Despite high interest rates and other economic challenges, consumer spending remains resilient in the US, according to National Retail Federation Chief Economist Jack Kleinhenz. In Q1 2024, GDP grew by 1.6%, a decline from Q4 2023’s 3.4%. However, consumers continue to spend more compared to the previous year, with inflation causing a slowdown in economic expansion.
The NRF’s Monthly Economic Review reported that consumer spending growth decreased from 3.3% in Q4 to 1.9% in Q1 but still showed a year-over-year increase of 2.5%. Despite ongoing cost pressures, consumers are continuing to spend on goods and services. Total retail sales exceeded expectations in March, rising by 4% year-over-year according to the U.S. Census Bureau. The strong spending growth is attributed to a robust labor market with solid job growth and rising wages.

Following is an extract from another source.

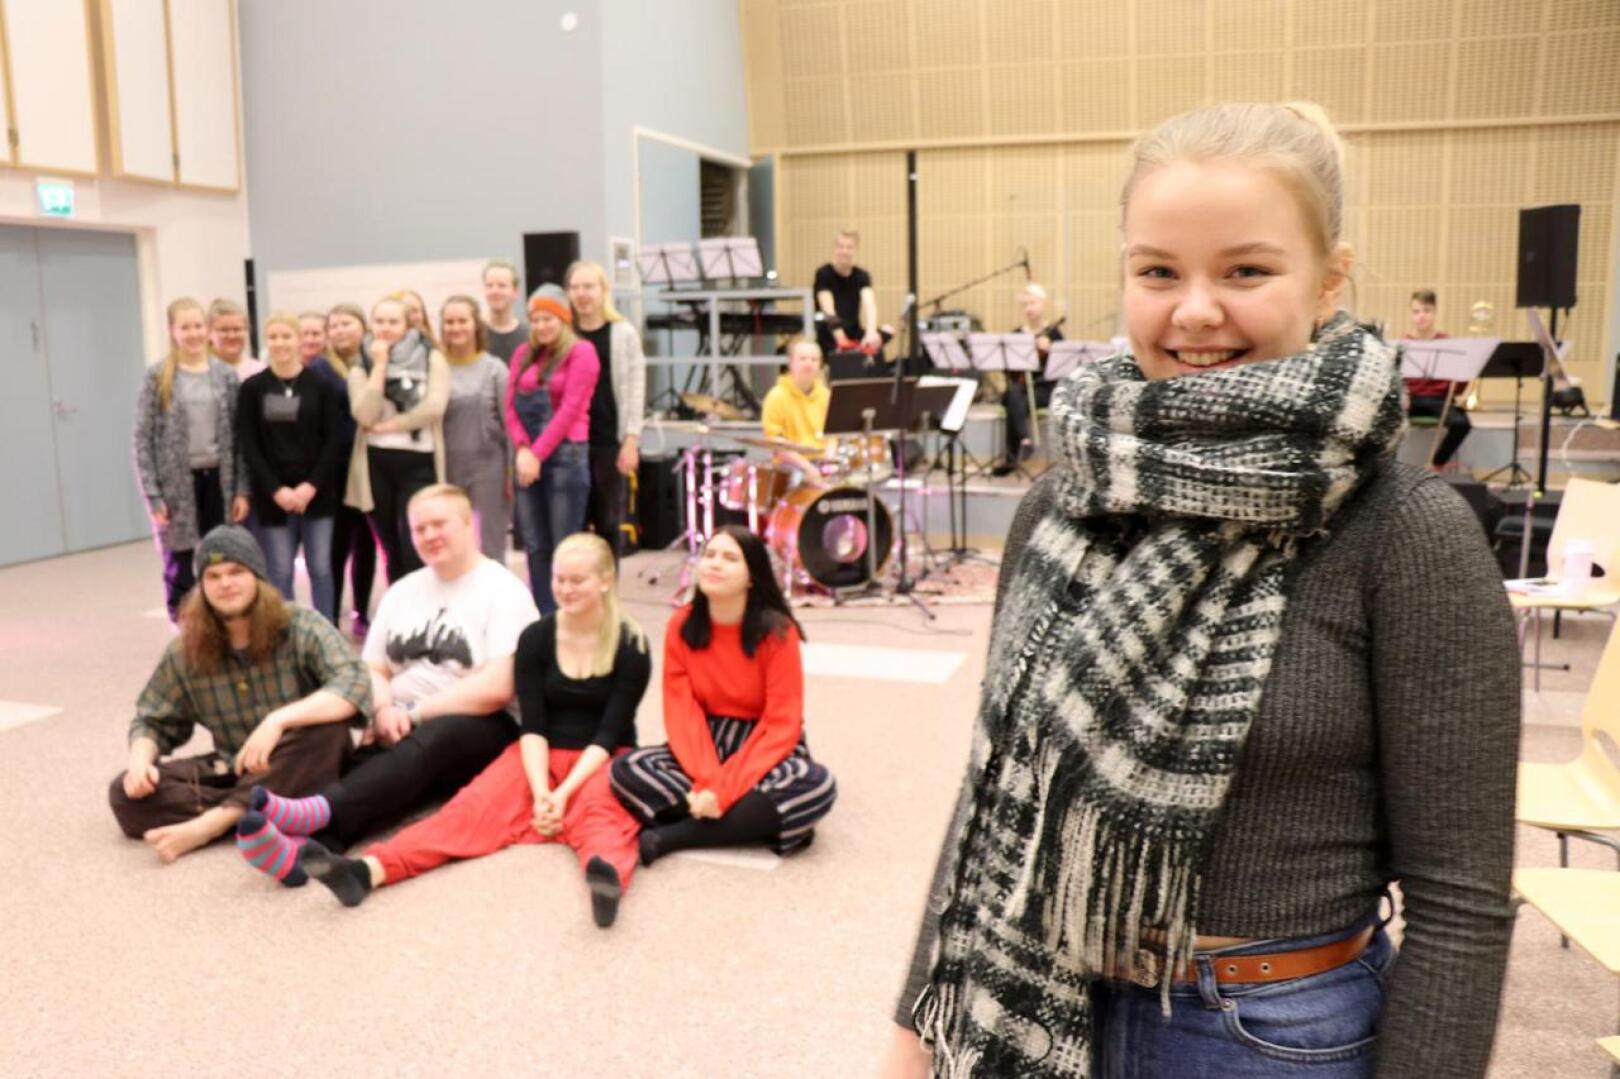 Kaustisen musiikkilukion kevään Oliver!-musikaalissa lavalla nähdään kymmeniä nuoria. Saana Heikkinen esittää musikaalin nimiroolia.
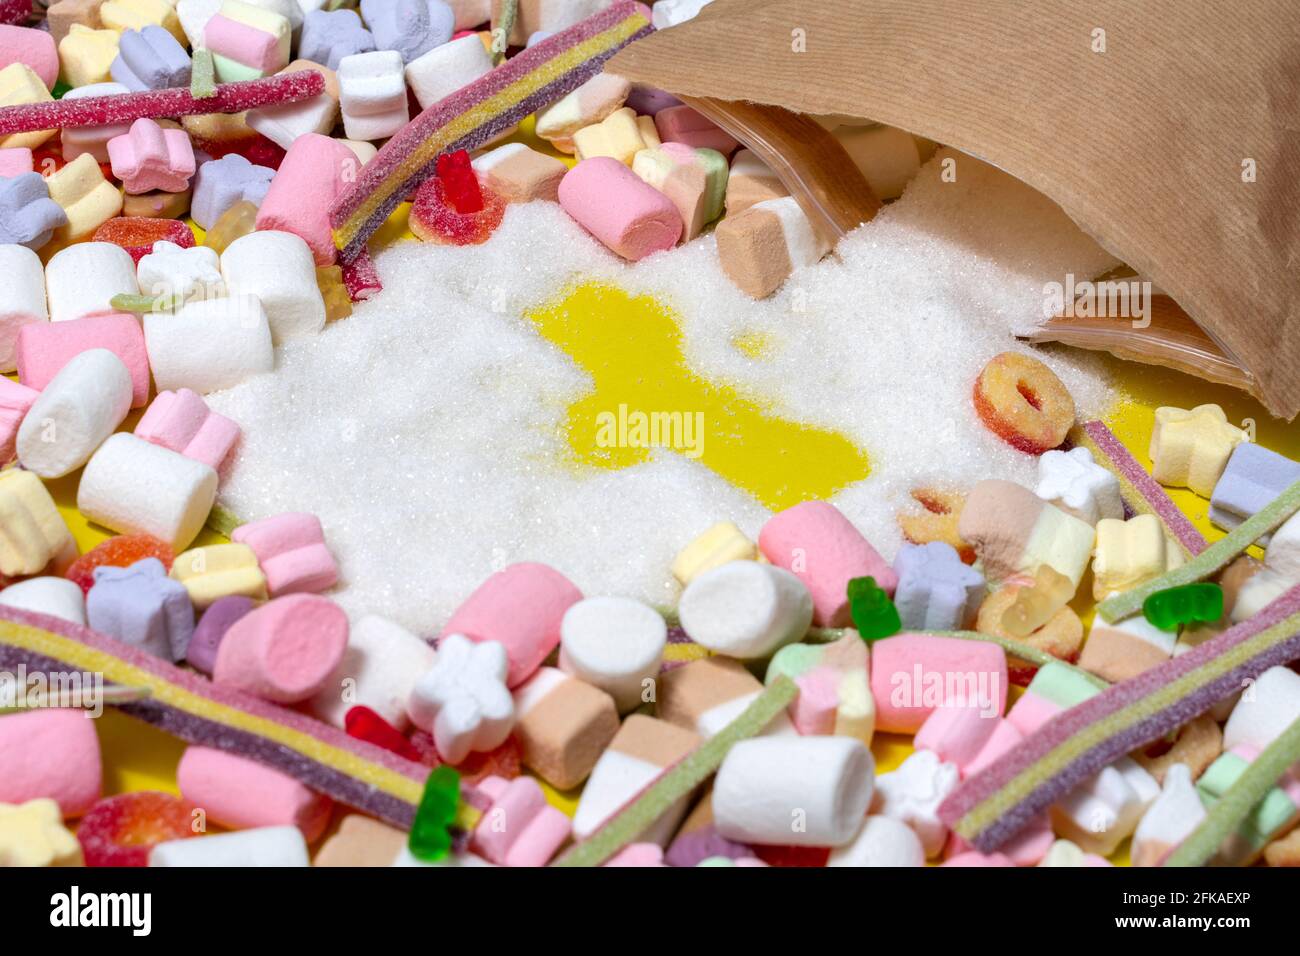 el problema del consumo excesivo de azúcar. el azúcar se derrama de la bolsa, muchos dulces y malvaviscos, espacio para texto Foto de stock

In March, there was a significant increase in job openings, with the three-month average payroll gain reaching its fastest pace in a year at 276,000. Non-farm payrolls rose by 175,000 in April, falling short of estimates at 240,000. The unemployment rate increased slightly to 3.9%, despite this sectors like healthcare, social assistance transportation and warehousing showed job gains overall; the US economy continues to remain in good shape due to consumer spending and a strong labor market.
Despite the slowdown caused by inflation and high interest rates, consumers are showing their resilience when it comes to spending on goods and services despite ongoing cost pressures.